- **Information supplied**

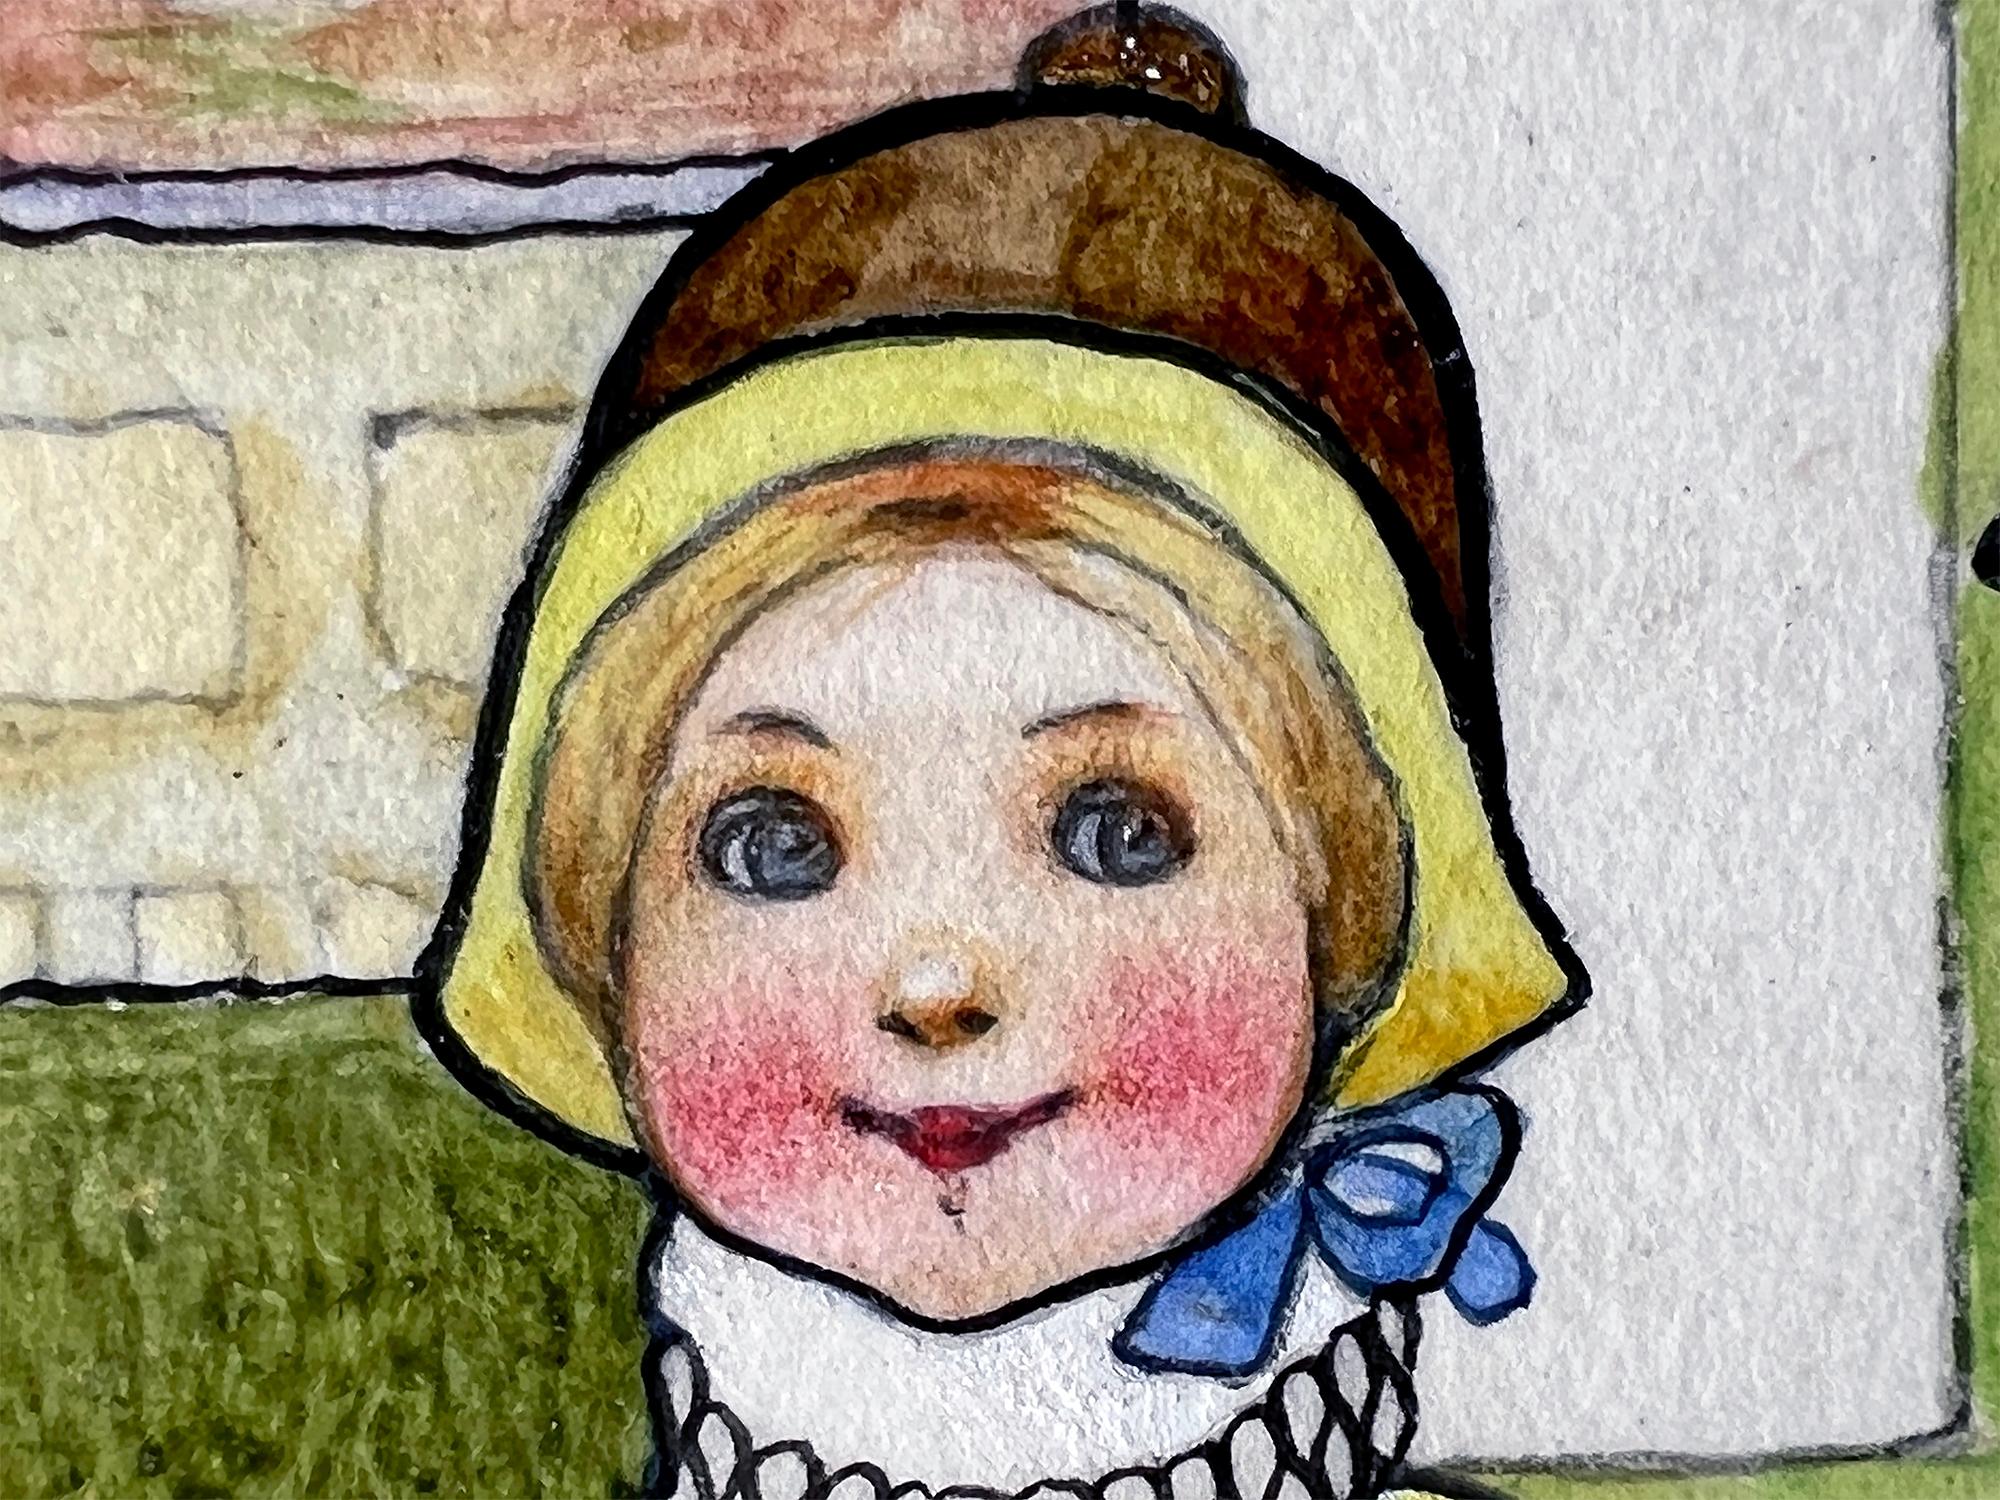 Three Children Book Illustration - Female Illustrator  - Turn of the Century  - Painting by Amy Millicent Sowerby
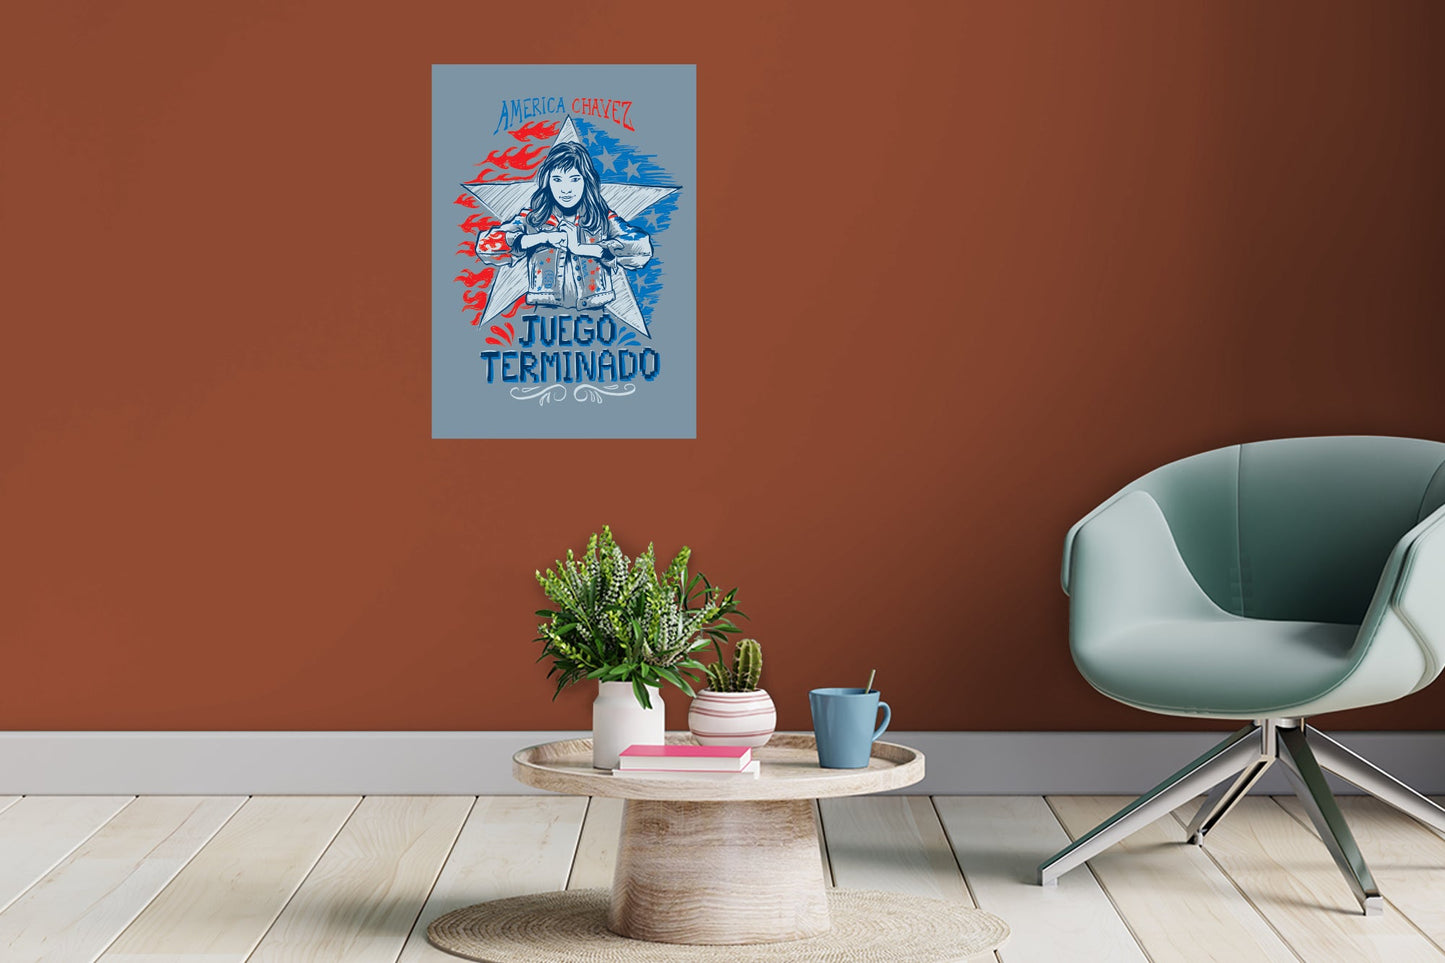 Doctor Strange 2: In the Multiverse of Madness: America Chavez Poster - Officially Licensed Marvel Removable Adhesive Decal
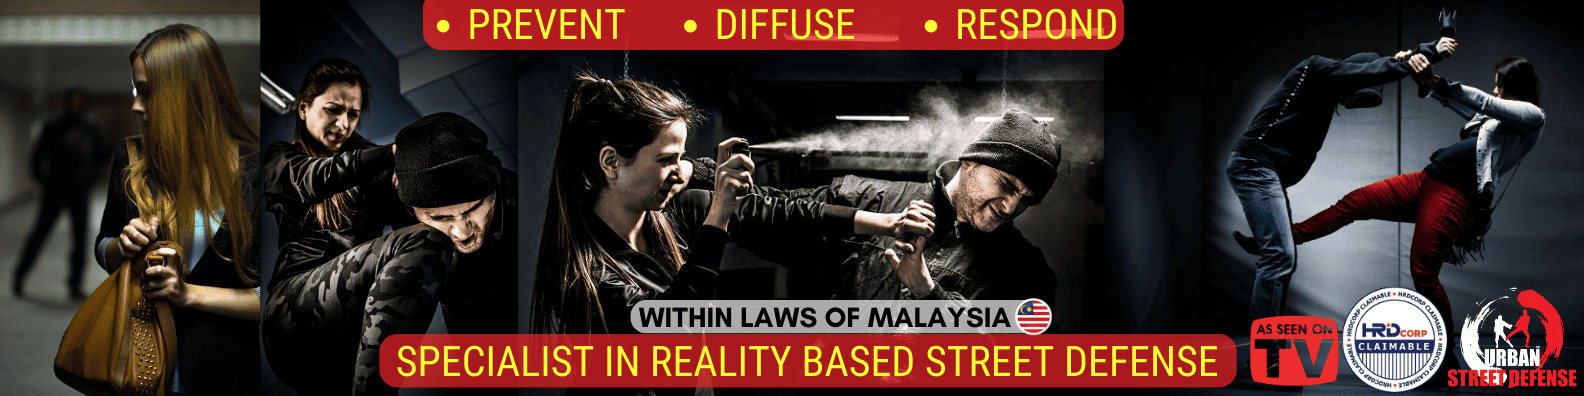 Self-Defense in Reality

- **Your goal**
Write out the whole of the data exactly; the pictures stay out.

- **The completed task**
 Three Children Book Illustration - Female Illustrator  - Turn of the Century  - Painting by Amy Millicent Sowerby
 Doctor Strange 2: In the Multiverse of Madness: America Chavez Poster - Officially Licensed Marvel Removable Adhesive Decal
 Self-Defense in Reality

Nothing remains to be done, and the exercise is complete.